■ What to do
In the entries that follow, find the line containing "tshirt for women" and the line containing "春节 庆祝 红色 灯笼 节日 元素 喜庆节日元素 大红色灯笼 装饰 png免抠图 花枝", then retype exactly the lines from the first through the second, pictures excluded.

■ Input for this task

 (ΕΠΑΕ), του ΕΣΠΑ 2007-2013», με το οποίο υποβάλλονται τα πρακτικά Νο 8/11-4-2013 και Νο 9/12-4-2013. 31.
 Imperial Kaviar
* * *
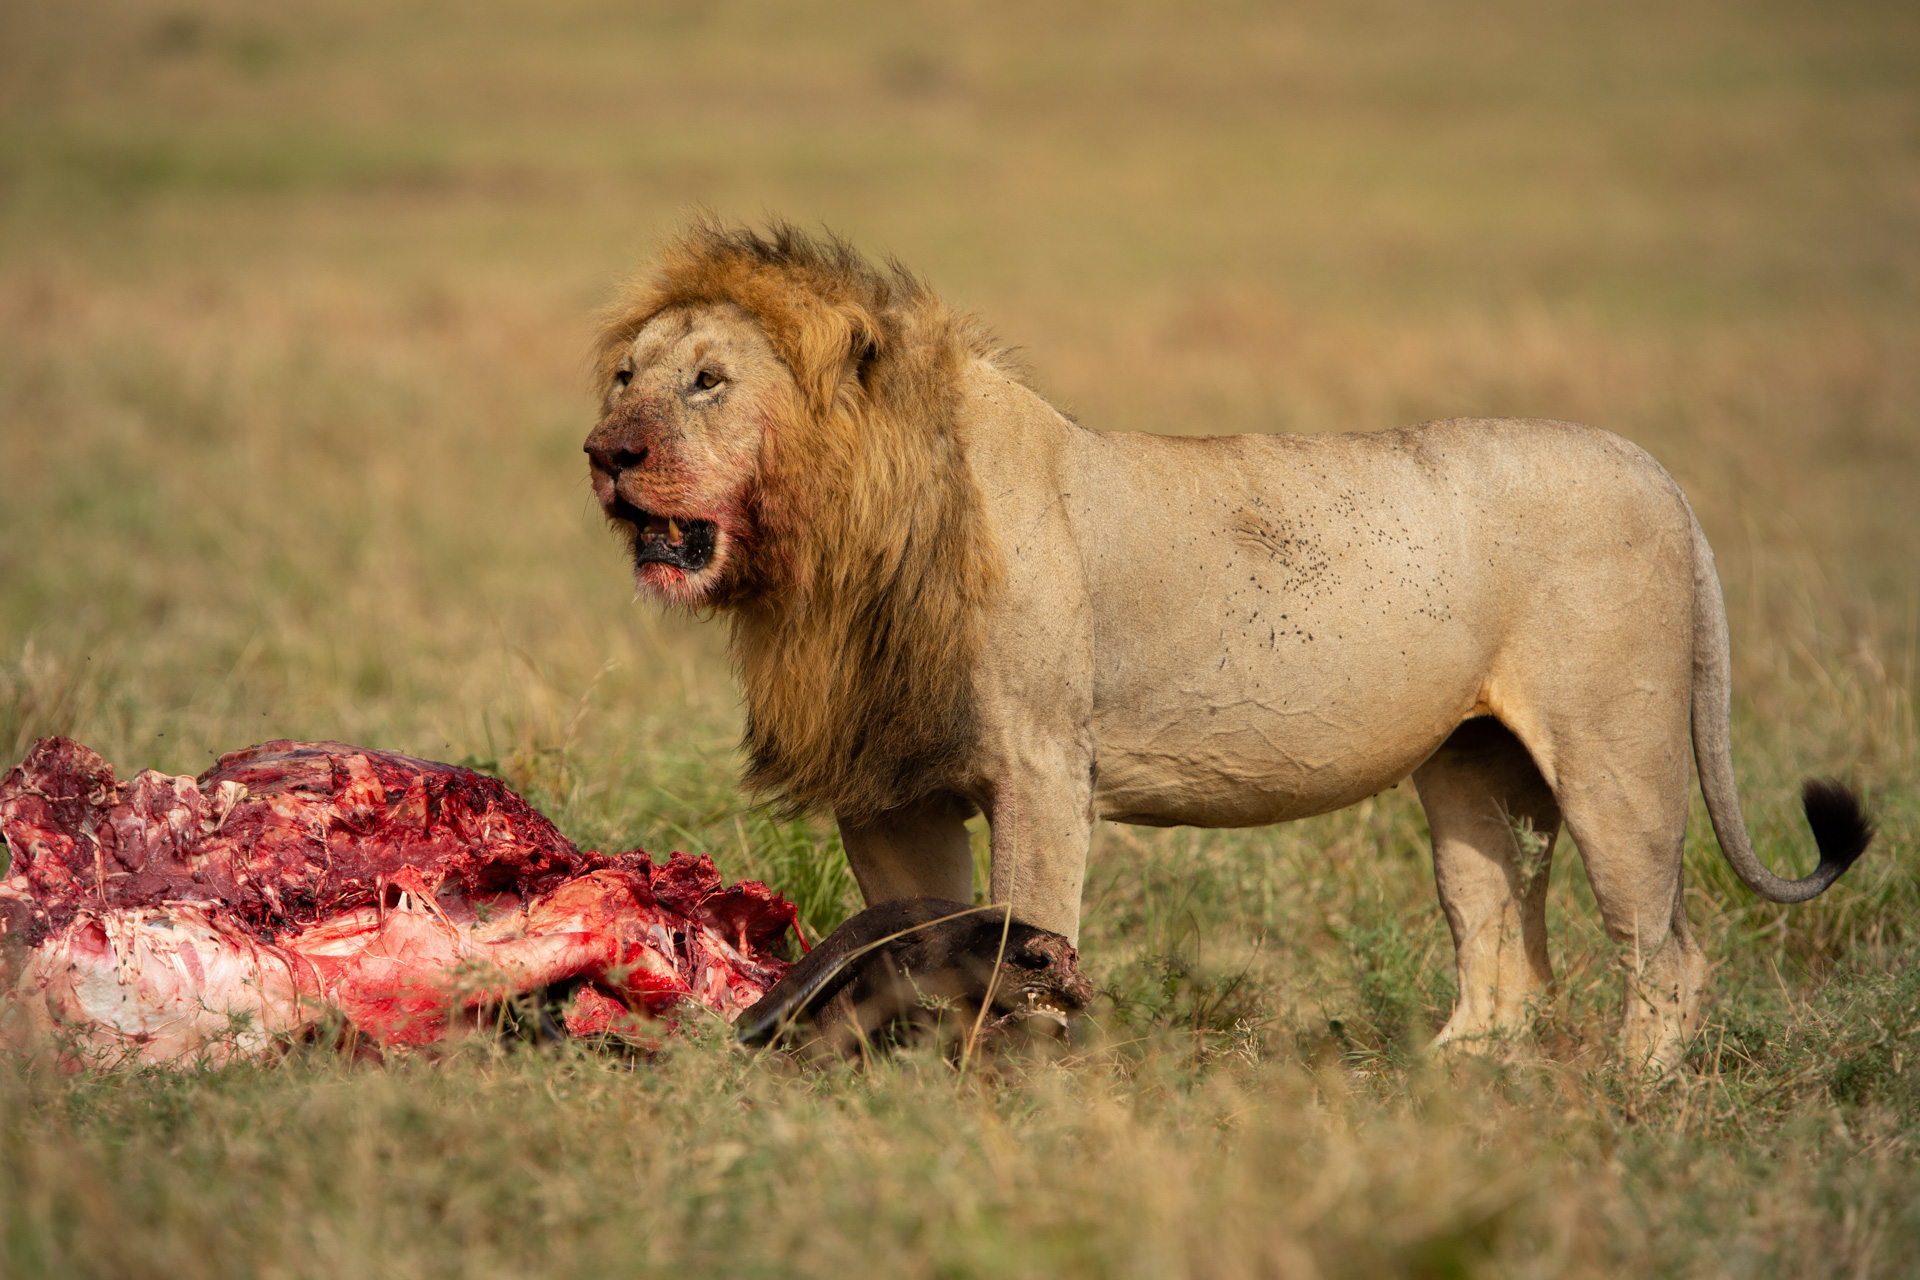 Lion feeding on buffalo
==
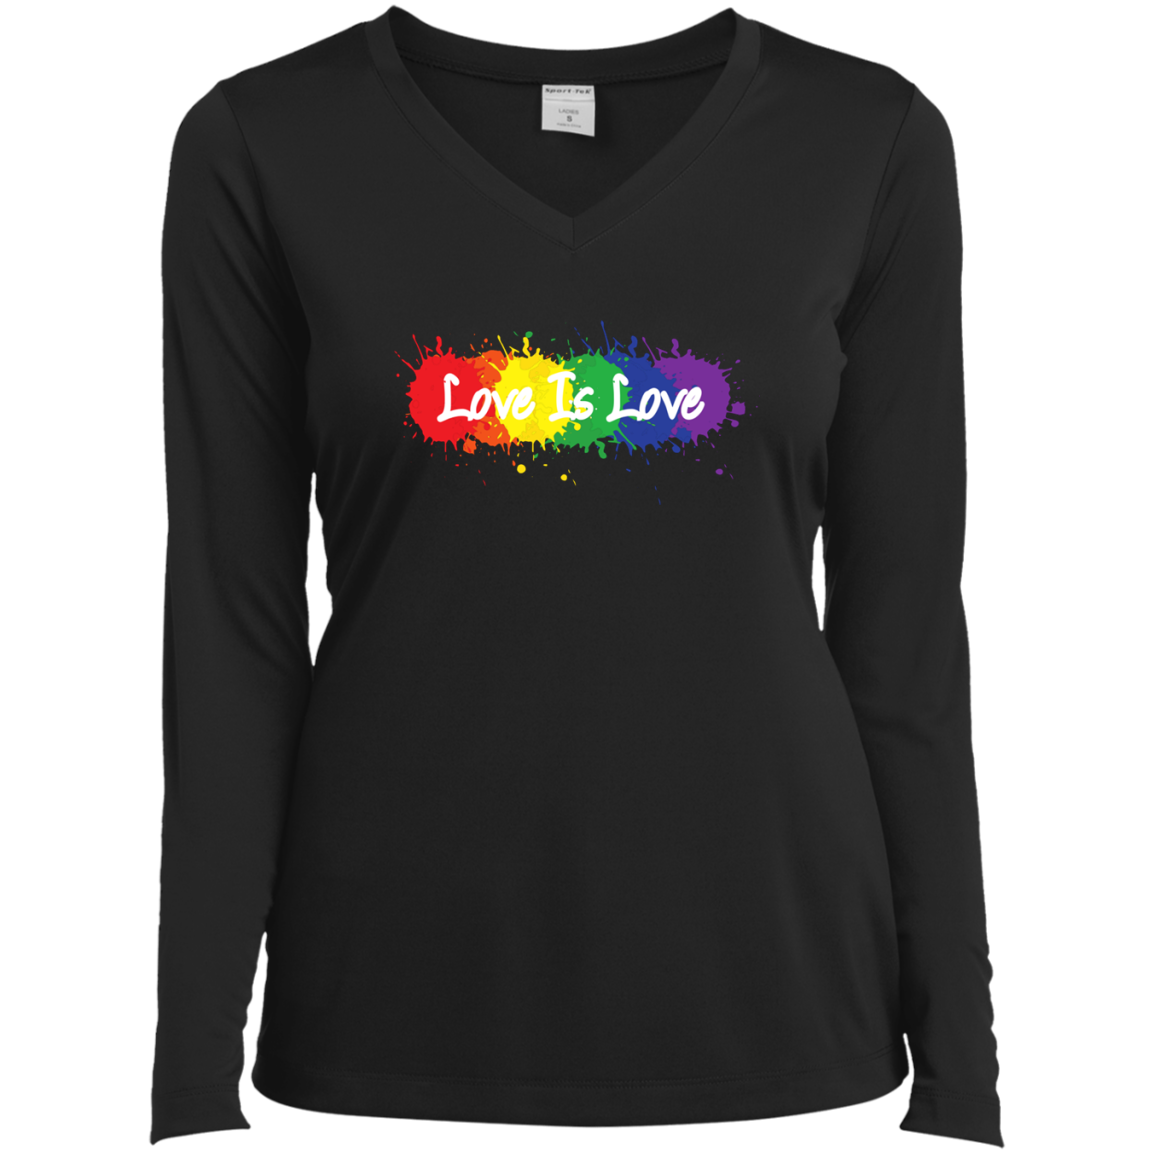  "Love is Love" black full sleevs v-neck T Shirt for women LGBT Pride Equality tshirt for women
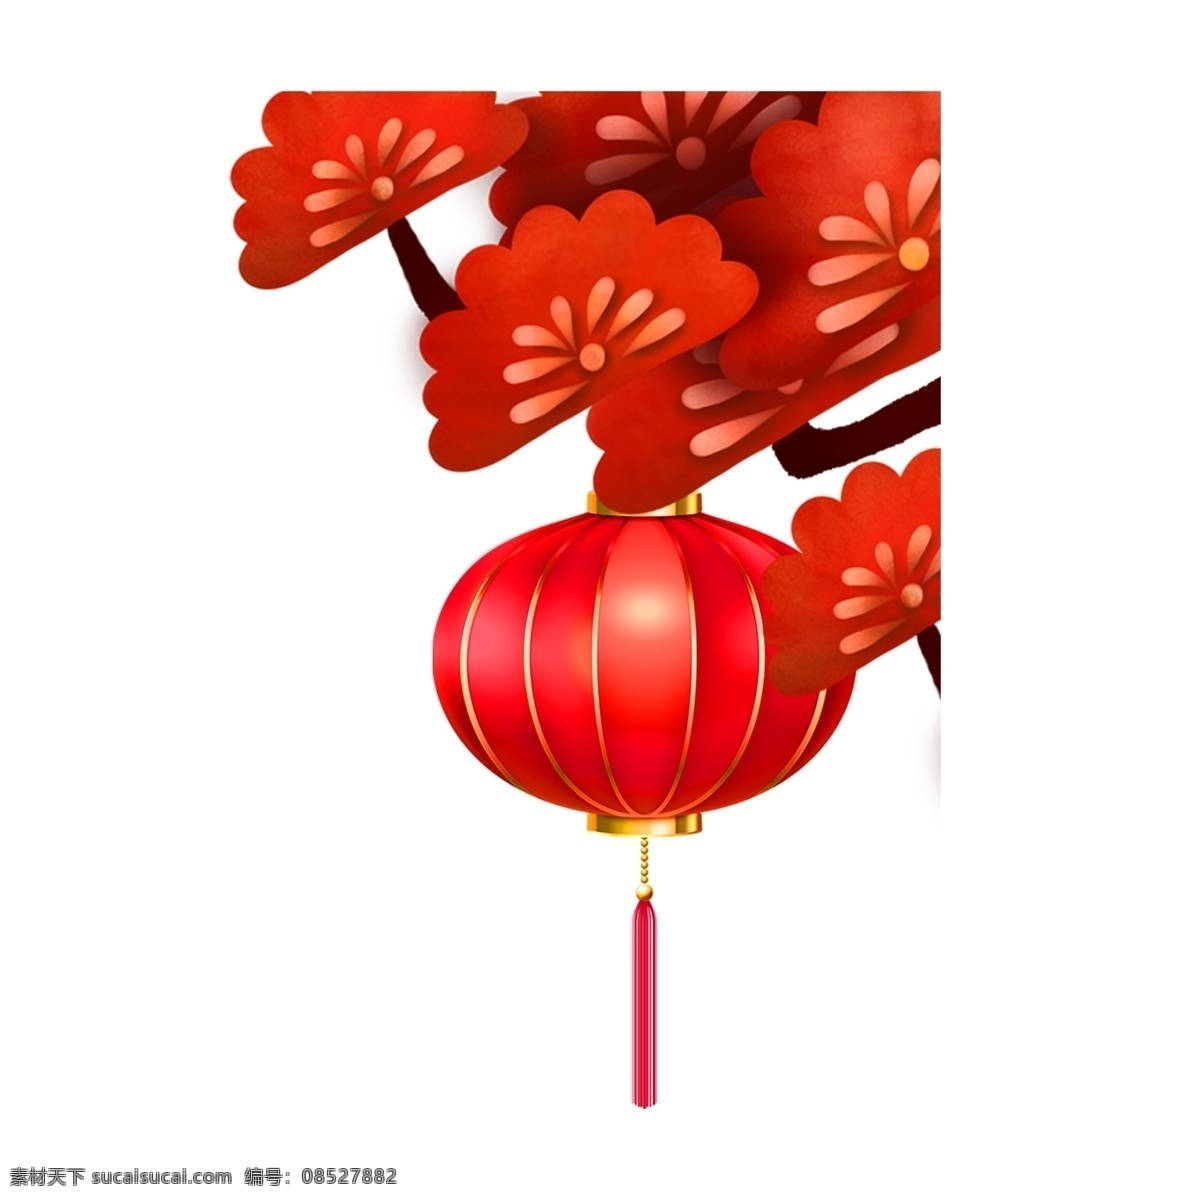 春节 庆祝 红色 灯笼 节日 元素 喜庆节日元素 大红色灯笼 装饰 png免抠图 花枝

■ Worked solution
  "Love is Love" black full sleevs v-neck T Shirt for women LGBT Pride Equality tshirt for women
 春节 庆祝 红色 灯笼 节日 元素 喜庆节日元素 大红色灯笼 装饰 png免抠图 花枝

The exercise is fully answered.